• Provided material:
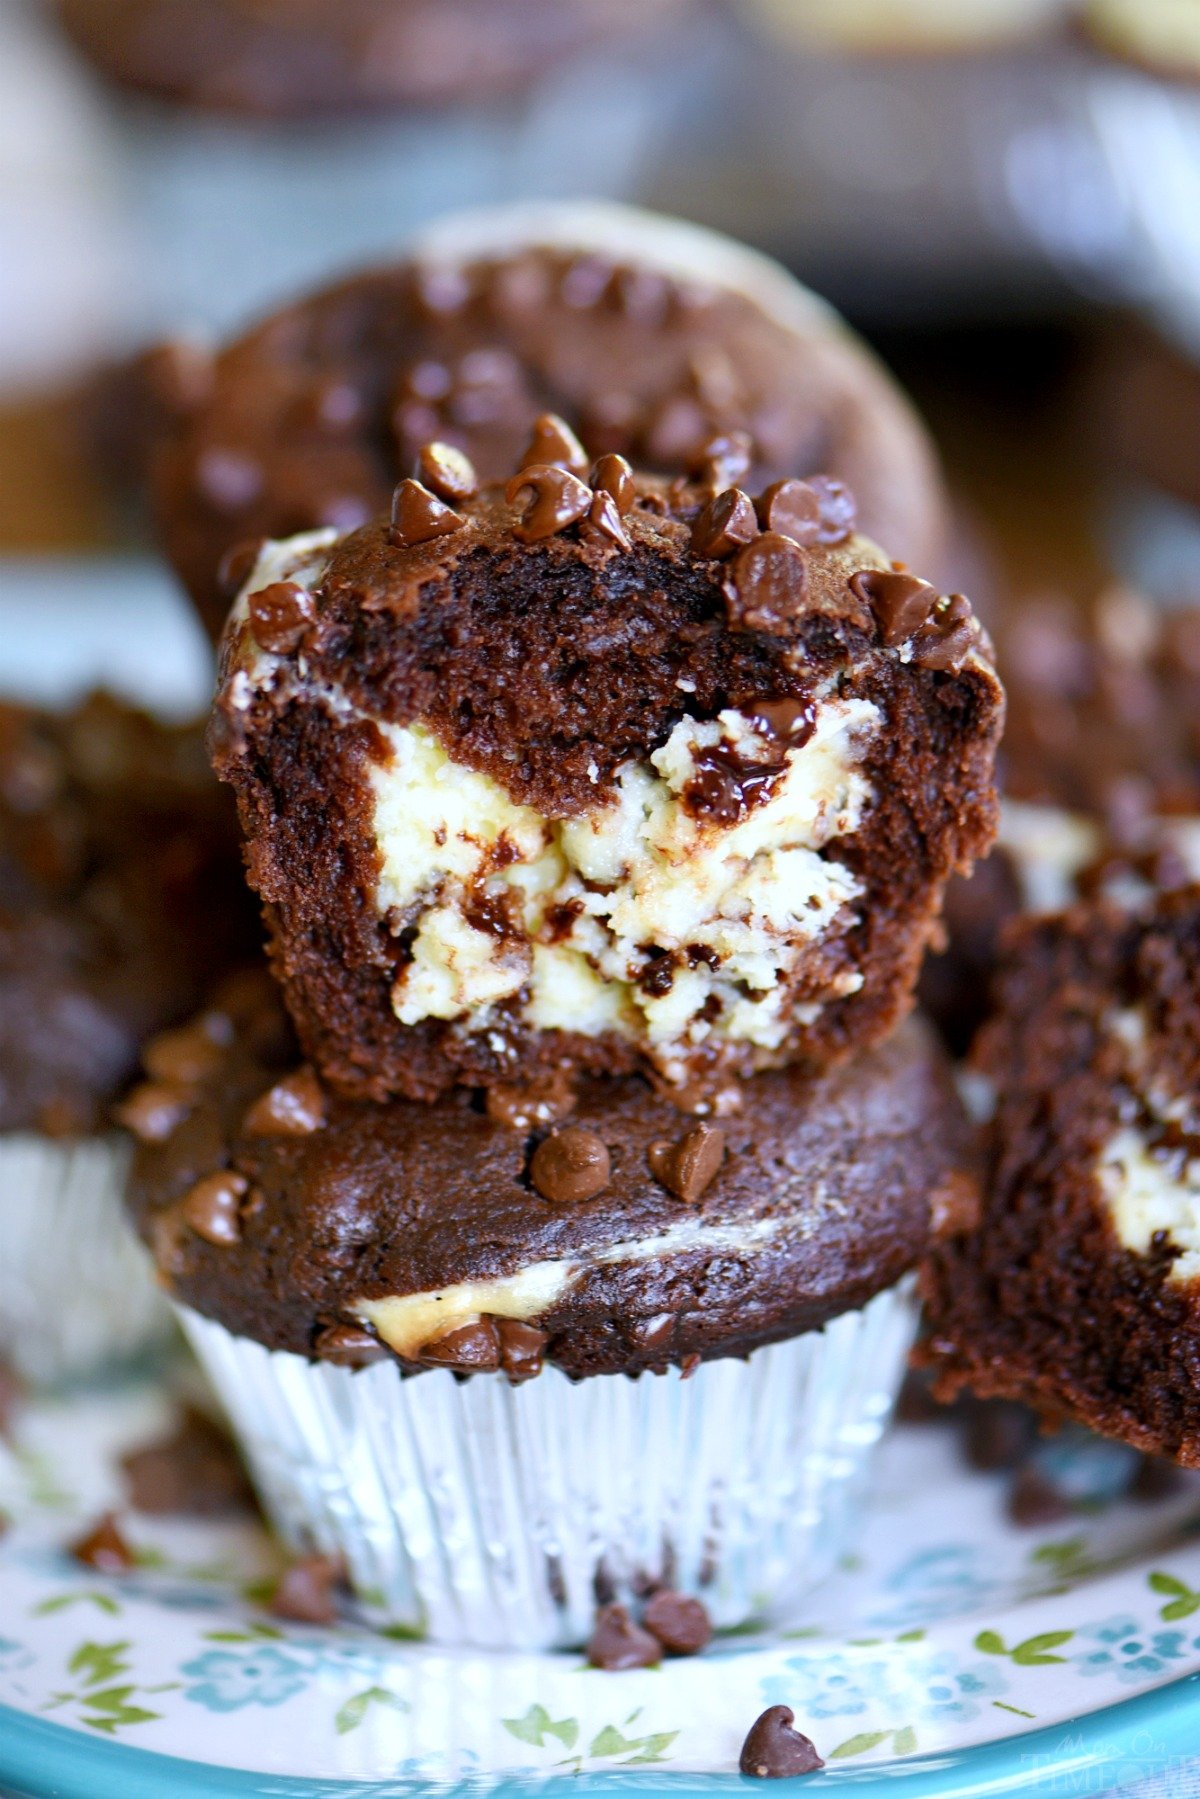 chocolate-muffins-recipe
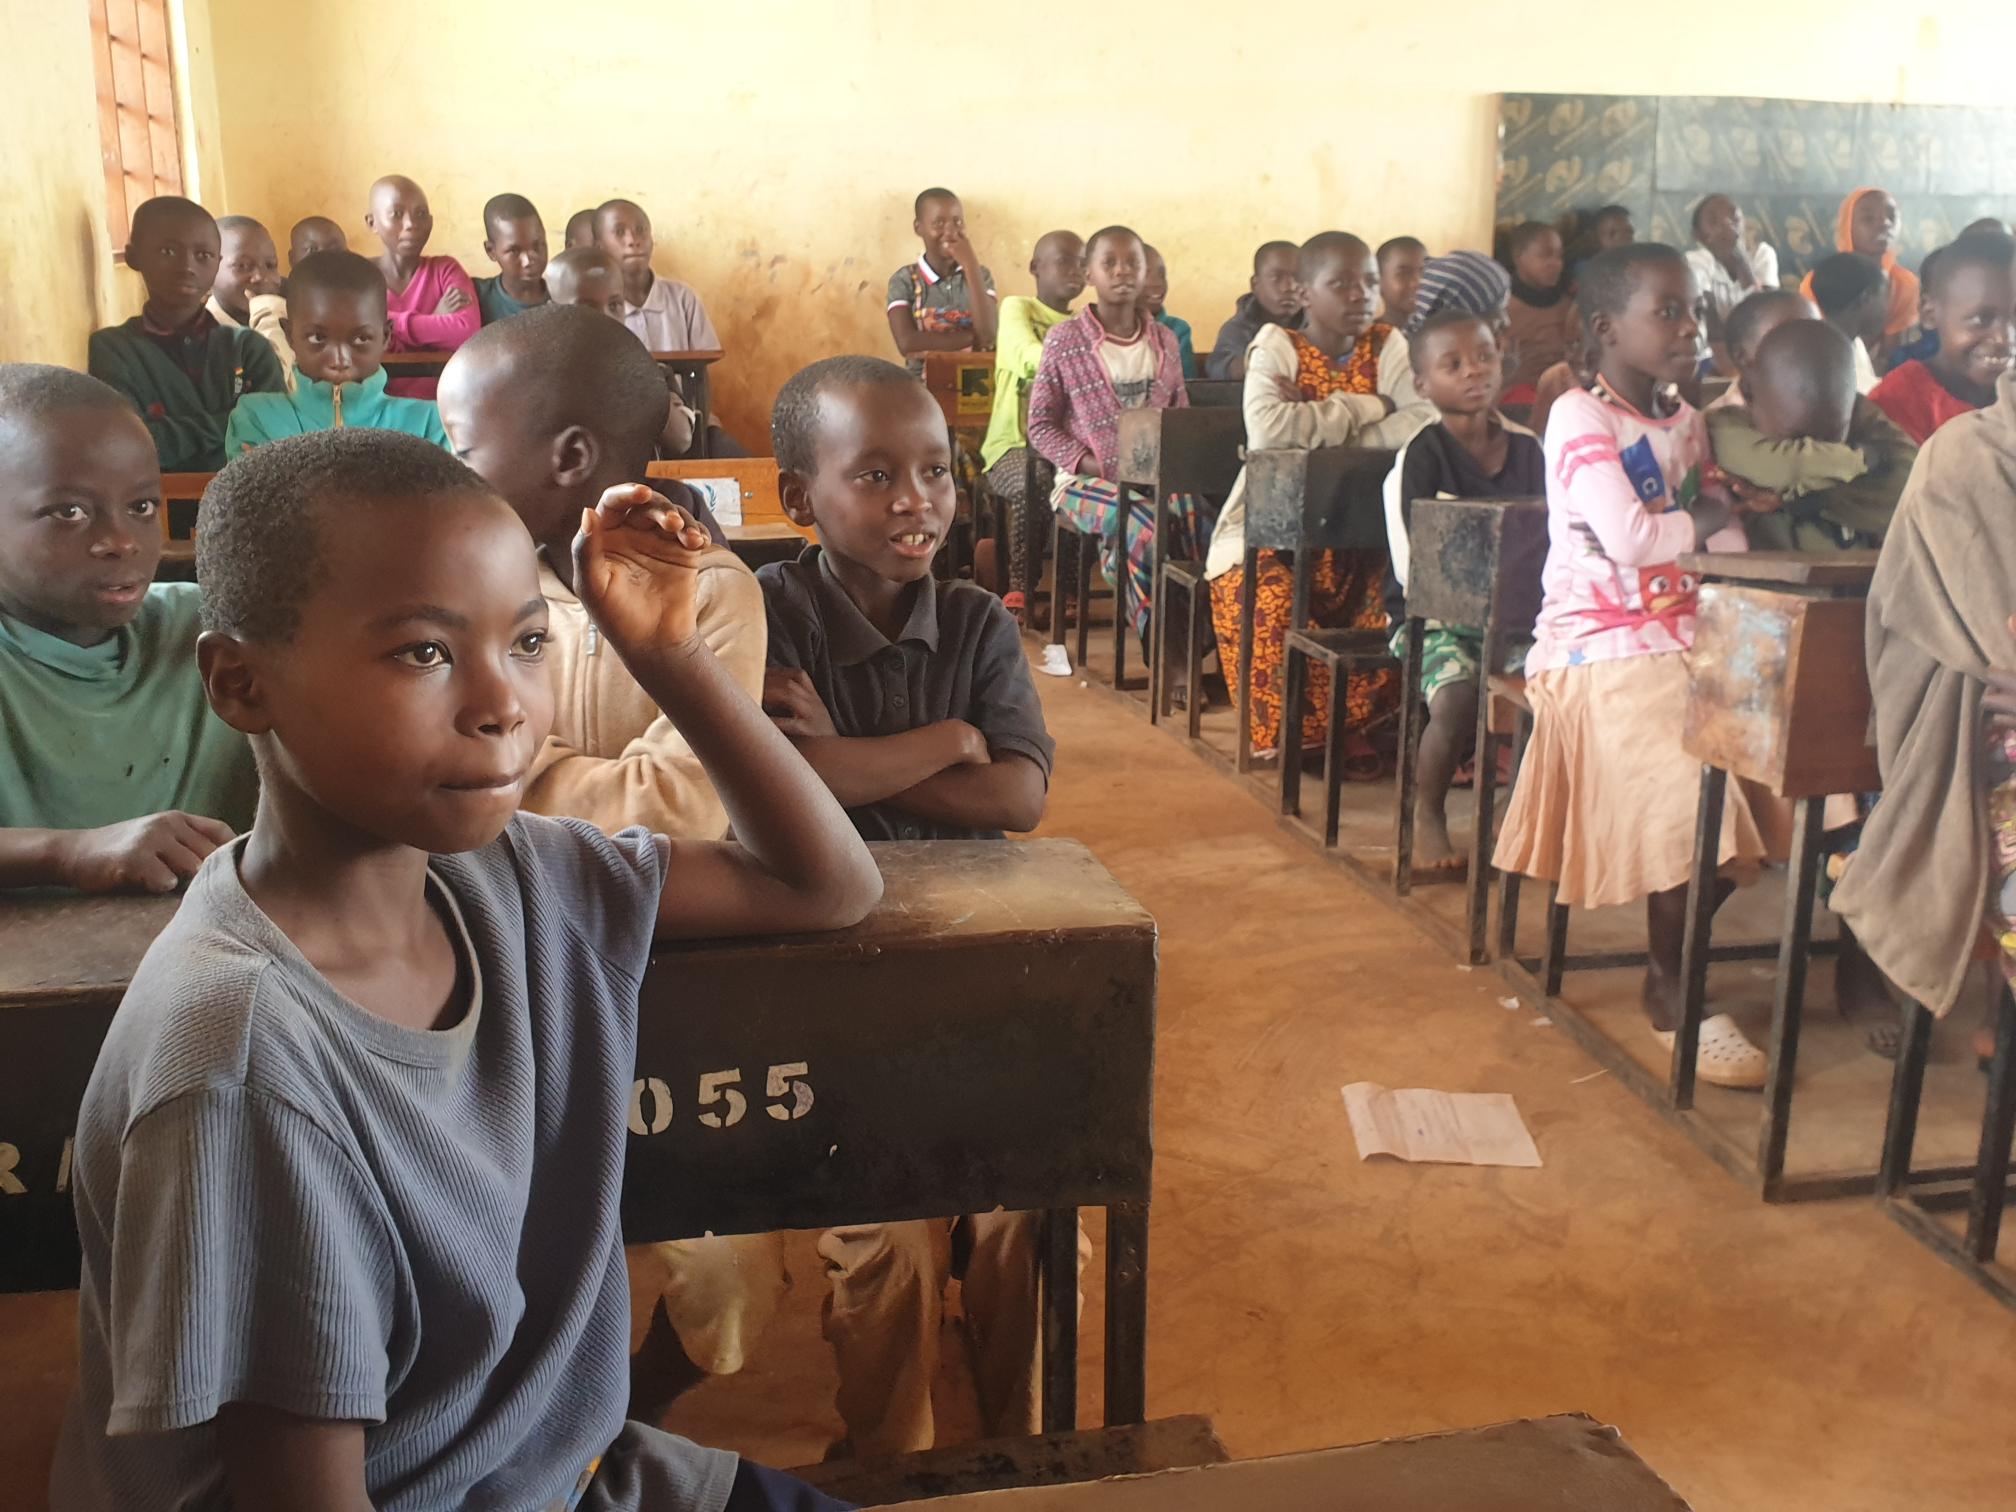 A ProFuturo assina um acordo com o IRC para expandir seu programa de educação digital em contextos de emergência na Tanzânia
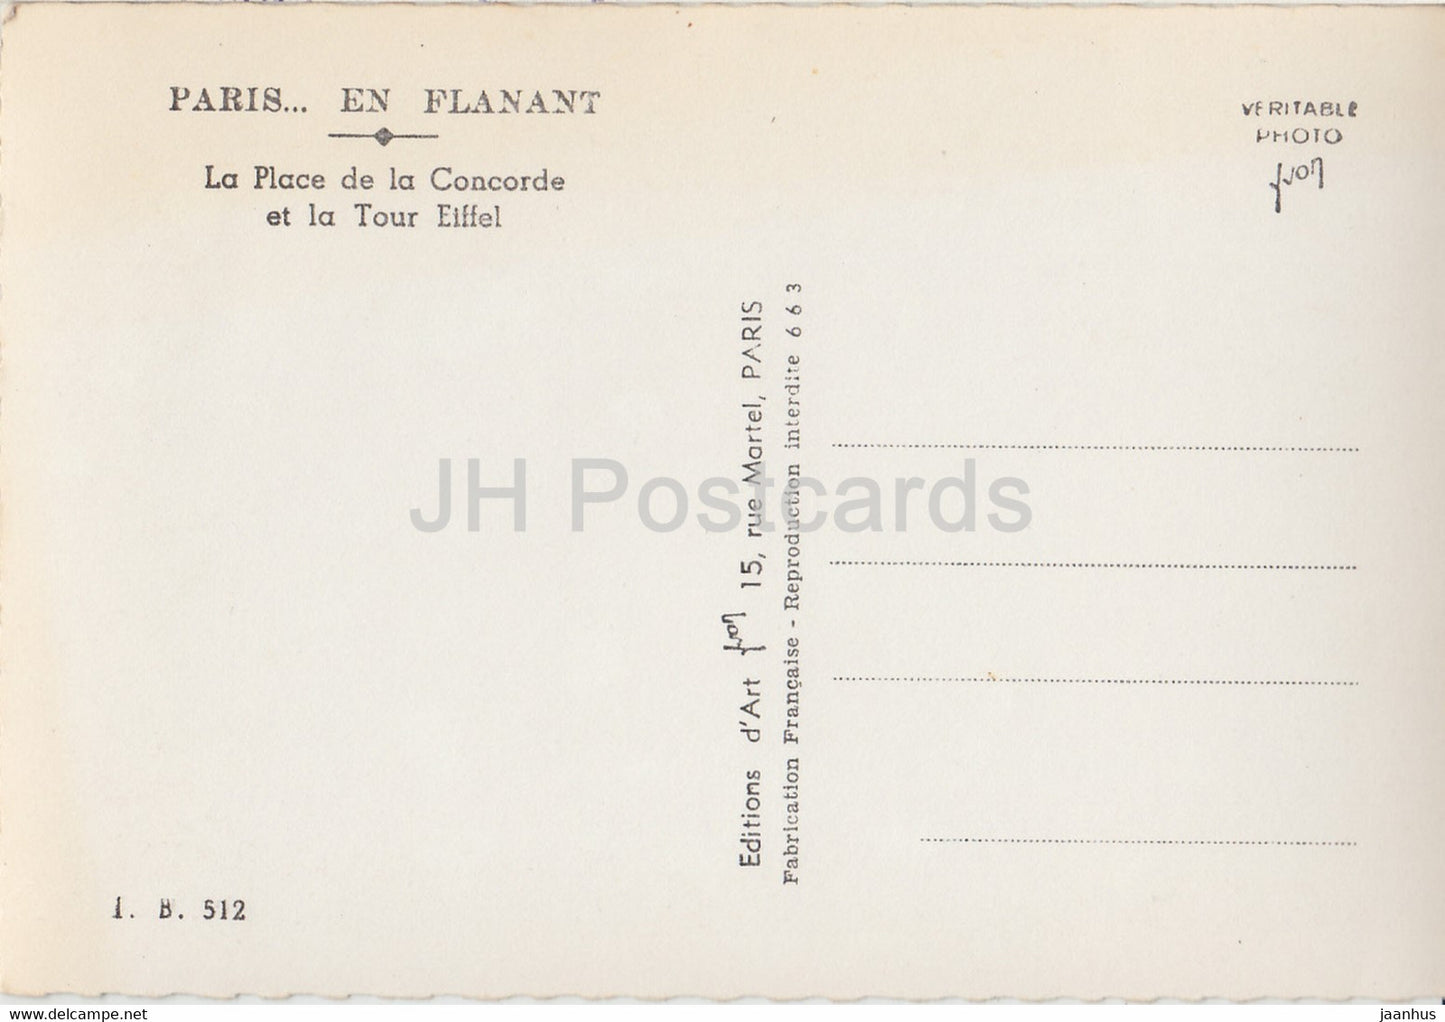 Paris en Flanant - La Place de la Concorde et la Tour Eiffel - voitures - carte postale ancienne - France - inutilisée

• Task prompt:
No picture belongs in the copy; return the rest of the listing exactly.

• Output below:
 chocolate-muffins-recipe
 A ProFuturo assina um acordo com o IRC para expandir seu programa de educação digital em contextos de emergência na Tanzânia
 Paris en Flanant - La Place de la Concorde et la Tour Eiffel - voitures - carte postale ancienne - France - inutilisée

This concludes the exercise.